You can see the result in the following image:

Source code here:pnrg1.

To resemble the srand() and rand() functions you’re all used to, I need to highlight that they’re also using a PRNG. srand() “seeds” the random generator and practically all that does is to set the initial values (PRNG’s state).
You can easily adapt the generator above to work like srand() and rand():

#include

int a = 71,b = 19, d = 0;

void mysrand(int seed)
{
d = seed;
}

int myrand(int threshold)
{
int x = d;
x = (a*x + b) % threshold;
d = x; // advance with each function call
return x;
}

void main()
{
mysrand(122);
printf(“PseudoRandom number: %d\n”, myrand(256));
printf(“PseudoRandom number: %d\n”, myrand(256));

}

Result as pictured below:

The source code here: pnrg2

You’ll quickly notice that the PRNG produces the same output every time you initialize the mysrand with the same value:
mysrand(122) -> myrand(256)=233
But this is the same in the case of the built in srand() and rand() function too. The reason is that we don’t have a good source for chaos. You can overcome this by using:
mysrand(GetTickCount());
or
mysrand(Cursorpos.x)
or
mysrand(FreeRAMMemory())
or
mysrand(UserLastKeyPressed)
or etc, linking the initialization function to a random event.

#### Further analysis

Talking about the chaos level of this generator, there is a simple way of analyzing a sequence of numbers, in our case the X0,…,Xn serie outputed by the linear PRNG.
1. In a single dimensioned space, represented by the real number axis and the corresponding set of all real numbers (R), a given number can be viewed as a single entity corresponding to a point on the axis.
For eg., see the following picture:

It represents a few real numbers on the axis. One might ask, what’s the meaning of number -1.13 . The simple answer is: -1.13 is the entity that sits on the axis at the given position. Several properties can be extrapolated, and we get a meaning of what -1.13 is, and most important: what can we do with it.
2. For a given pair of numbers, we can image a bidimensional space, where the pair represents a point in a Cartesian system of reference. The pair receives a meaning, and we can further elaborate on that, using the pair for various purposes.

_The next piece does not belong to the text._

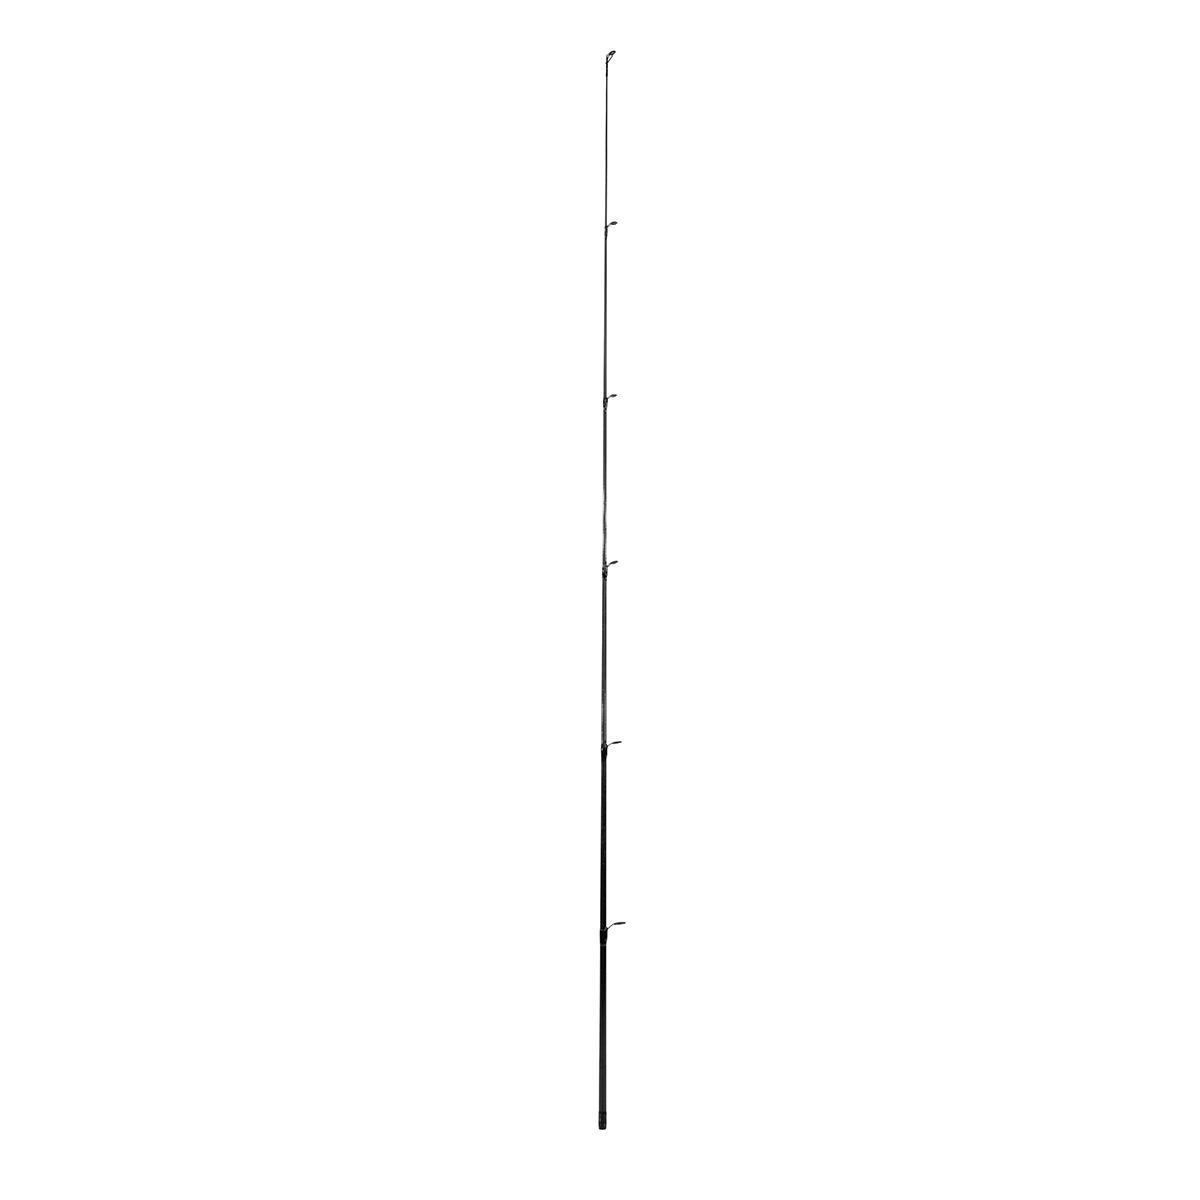 Шестик для спиннинга 2,4 м 10-30 гр 8,5 мм PREMIER (PR-SH-2.4-10-30-8.5)

In a similar way, for a given set of numbers (x0,x1,…,xn) that seem random and meaningless at first, let’s not forget that in a n-dimensional space, the set of numbers has a very simple and clear meaning: it represents a point.

Luckily, for the PRNG’s the things are simpler.
Given a set of numbers generated with the linear PRNG, they can be represented without any meaning in one dimension: they would be “random” points on the number axis.
BUT, we can search for a “path” or a “meaning” by moving to a superior space, in this case to two dimensions, and representing the pseudo numbers set by point of coordinates (Xn-1, Xn).

See the following sample:
1- The first PRNG sample I’ve posted, produced the following numbers:
3 232 107 192 83 24 187 240 163 72 11 32 243 120 91 80 67 168 …. etc
It is very hard to understand what these numbers mean or to give a purpose to this sequence or even to understand the pattern that served to produce them.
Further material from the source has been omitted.